Research
Our laboratory has diverse research interests that span microbial signaling, evolution, antimicrobial development, to the development of immunomodulatory therapeutics.
1. Elucidating the c-di-GMP signal transduction pathway in V. cholerae. A major focus of our laboratory is to use V. cholerae as a model system to discover fundamental principles about c-di-GMP signaling. To this end, we have shown that two transcription factors central in the regulation of biofilm formation and motility directly bind c-di-GMP. VpsR, the transcriptional activator of biofilm formation, is activated upon c-di-GMP binding while FlrA, the master regulator of motility, is inhibited. This results in an opposing regulatory pathway in which c-di-GMP acts as both a co- and anti-activator. Building on these studies we developed the first in vitro transcription system to show that c-di-GMP binding to VpsR drives it to induce open complex formation in RNA polymerase. A systematic analysis of c-di-GMP signaling in V. cholerae revealed high-specificity signaling indicating that c-di-GMP produced from different synthesis enzymes differentially impacts downstream phenotypes. We have also identified environmental factors that control c-di-GMP signaling and discovered that the intestinal cues bile and bicarbonate inversely control c-di-GMP levels, likely providing V. cholerae spatial cues within the human host. We have also demonstrated that the c-di-GMP-binding riboswitch Vc2 controls motility via inhibition of the downstream transcription factor TfoY. Finally, we have demonstrated a novel mechanism of gene regulation showing that Vc2 stabilizes a novel sRNA in cis by preventing its 3’ degradation. Below is a simplified model of the inverse regulation of biofilm formation and motility by c-di-GMP in V. cholerae.
2. Expanding our understanding of phenotypes regulated by c-di-GMP in V. cholerae. It has long been appreciated that c-di-GMP positively regulates biofilms and negatively impacts motility. However, it is known that the regulation of hundreds of genes changes when c-di-GMP levels are increased. We have recently discovered that c-di-GMP regulates numerous other phenotypes in V. cholerae including Type II Secretion, DNA repair, and stress responses to hydrogen peroxide. Furthermore, all of these traits are regulated as part of the VpsR/VpsT regulatory network, which also induces the genes necessary for biofilm formation, suggesting that these additional phenotypes lead to increased fitness of V. cholerae within a biofilm. Finally, we have shown that c-di-GMP also regulates cell curvature of V. cholerae. This cartoon shows a partial model of our understanding of c-di-GMP regulated phenotypes in V. cholerae.

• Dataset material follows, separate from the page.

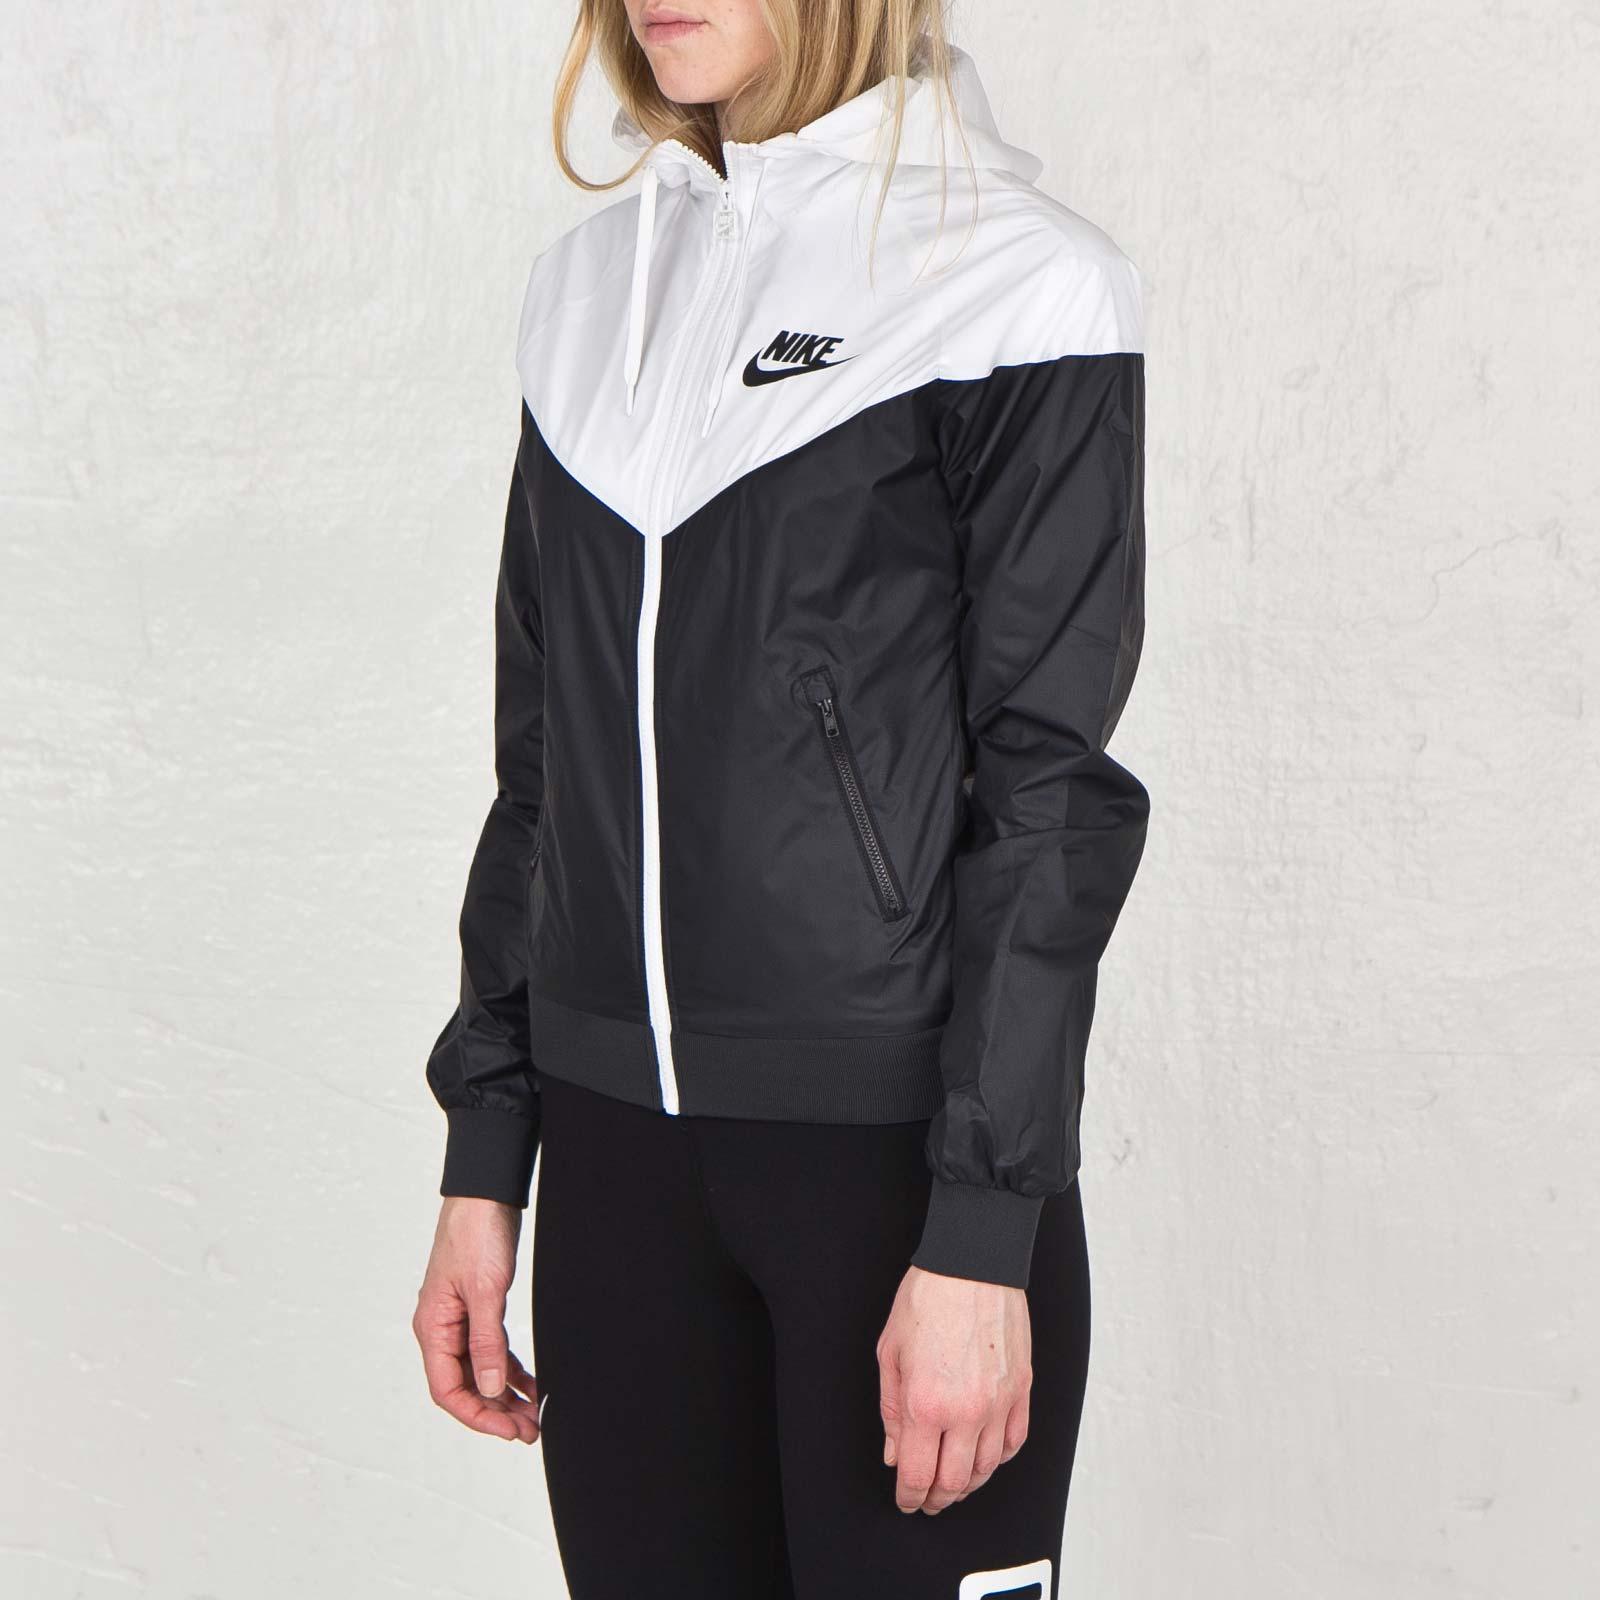 3a365f6830 ... Womens Jacket - voltwhiteblack Nike  new arrival 94c8c 9fc4c Nike  Windrunner Nike Windrunner .. ...

3. Discovery of the first cyclic GMP-AMP signaling pathway in bacteria. The newest cyclic di-nucleotide to be discovered in bacteria is the signaling molecule cyclic GMP-AMP in 2012. This signal was shown to be synthesized by the enzyme DncV encoded on a genomic island that is specific to the 7th, and current, pandemic of V. cholerae. We recently found that cGAMP synthesized by DncV activates a putative unknown phospholipase, which we named CapV, to remodel the membrane of V. cholerae. CapV is found immediately 5’ of DncV on this genomic island, suggesting these genes are a functional cassette that can move by horizontal gene transfer. This work has identified the first ever bacterial protein receptor of cGAMP and has significant implications on the evolution of V. cholerae pandemics. In the cartoon below, El Tor V. cholerae is represented by the hot dog, and its acquisition of two unique genomic islands, VSP-1 and VSP-2, by ketchup and mustard. dncV and capV are both encoded in VSP-1. cGAMP and CapV are the founding members of a widespread phage defense system known as CBASS.
4. Discovering new phage defense and understanding phage evolution. Inspired by our discovery of CapV, we have used Vibrio cholerae as a model system to discover several other phage defense systems including AvcID, a toxin-antitoxin that depletes cellular deoxycytosines, and TgvAB, a Type IV restirction enzyme that restrict phages that possess 5-hydroxymethylcytosine modified DNA genomes. These discoveries led us to discovery that phages can overcome these defense using highly mutagenic single base repeats in the genome using a bet-hedging strategy. These repeats are known as contigency loci, and our work is the first to describe these in phages!